Des larmes pour la vie
Dans l’Afrique du Sud des années soixante, trois belles dames tombent amoureux d’un seul et même
homme condamné à mort. Et Jean Pierre Békolo trouva de quoi défendre la vie et le droit d’être, tout
court.
Andréa Larsdotter, qui depuis 2009 tient l’affiche dans des films célèbres tels que Bjudlocket, Hälsoresan et 7333
Sekunder, revient dans Miraculous weapons pour accompagner Xolile Tshabalala et Maryne Bertieaux dans
des larmes fortes qui poussent l’immortel Djamal Okoroko (Emile Abossolo M’bo) vers une fin certaine. Un film
écrit et réalisé par Jean Pierre Békolo.
Depuis Quartier Mozart et les saignantes, Jean Pierre Békolo a porté une vision coercitive de ses engagements et
se plait à y aller, pas à pas. Miraculous weapons vient confirmer qu’il tient à aborder divers sujets et se donne le
droit de les traiter en profondeur. Que diable avons-nous fait d’un condamné à mort qui ne s’en sortira point ; un
polygame heureux ? Que n’a-t-on pas fait de subir les efforts d’une femme belle pour se maintenir en vie et porter
pour deux, l’espoir d’un demain nouveau. Et il aura fallu Jean Pierre Békolo pour lui en rajouter deux, des plus
sublimes de par leur forte tête et leur élan humaniste. Et quand le héros principal finit par nous dire face à une
mort assurée, après une foucade de rire sarcastique qui dénote et aggrave la fatalité de l’instant, qu’il est
immortel, toute la mesure de l’appel à la vie s’imprime dans l’échos même de ces pas qui conduisent au supplice.

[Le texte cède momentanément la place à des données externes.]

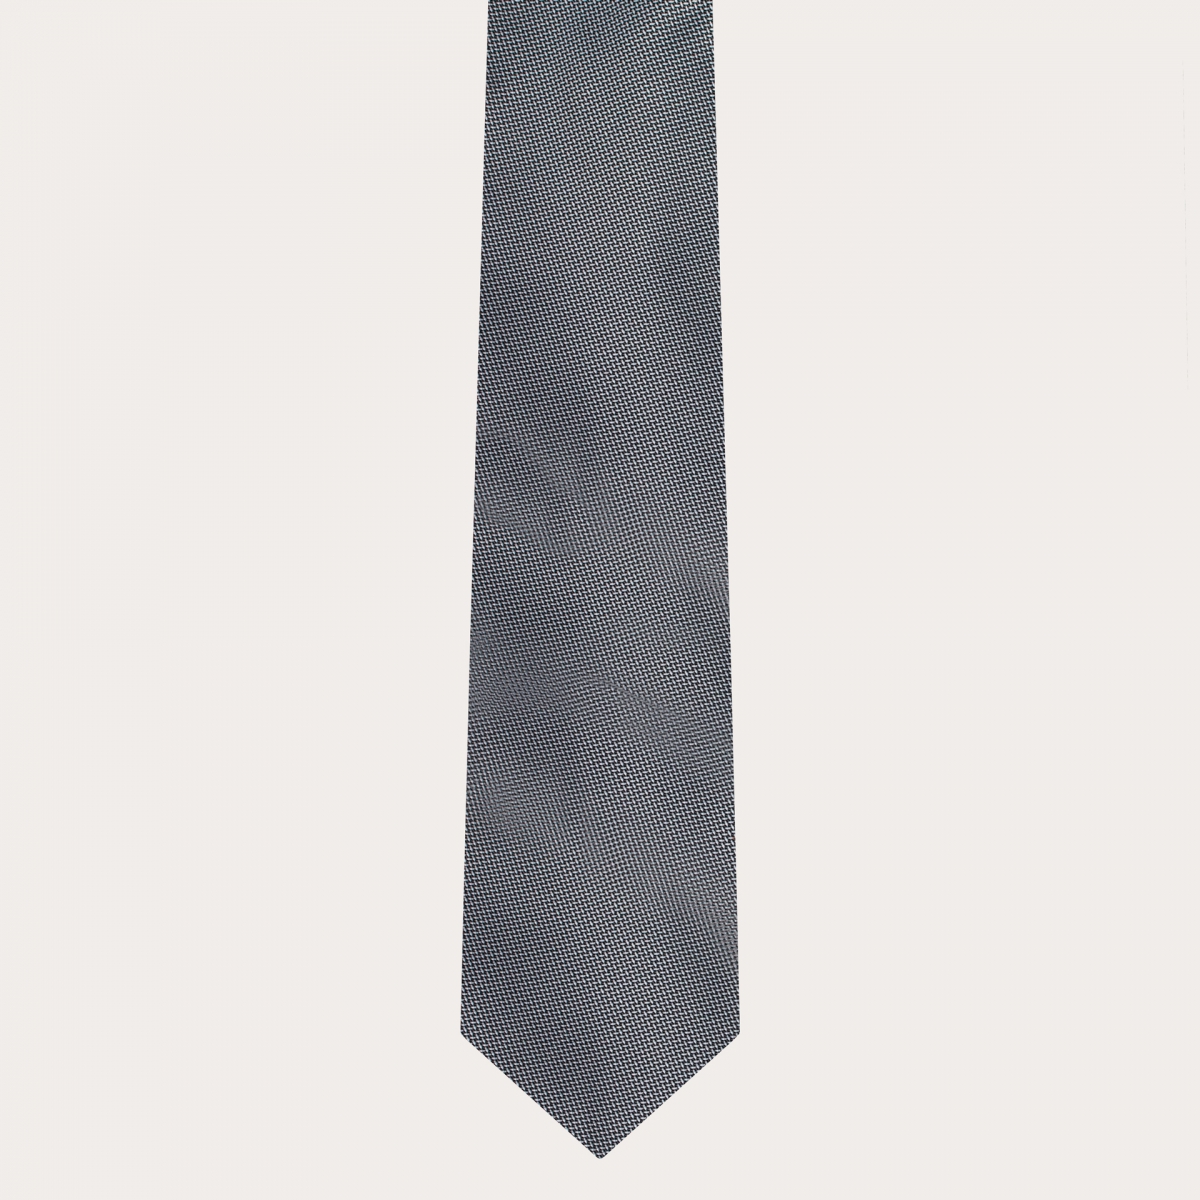 BRUCLE Abgestimmtes Set aus Dünne Hosenträgern und Krawatte aus eleganter grauer gepunkteter Seide

La langue française rappelle la poésie et offre un Jean Paul Sartre comme
l’alibi pour s’accrocher à l’espoir d’un appel en cassation qui sera rejeté. Les
années soixante sont bien présentées avec les stéréotypes de soldats blancs
et la beauté des scènes extérieures qui vous rappellent l’Afrique d’antan.
Belle musique qui rythme l’évidence et chante l’inéluctable. Des plans taillés
sur mesure, des compositions symétriques qui rendent des décors confinés
et explorent l’espace par une triple présence de femmes ; trois futures
veuves qui se cherchent dans une cuisine où leur présence trouble
l’obsolescence même du rôle premier de l’épouse. Elle se donnent le courage
de ne désespérer quand tout les unit ; pour devant le pire, ne penser qu’au
meilleur.
Jean Pierre invite à la vie, avec des larmes. Et si la plus faible des armes qui force bien souvent des destins, dans
ce cas-ci s’avère impuissante, celles de Jean Pierre, chantent tout au moins, un hymne à la vie.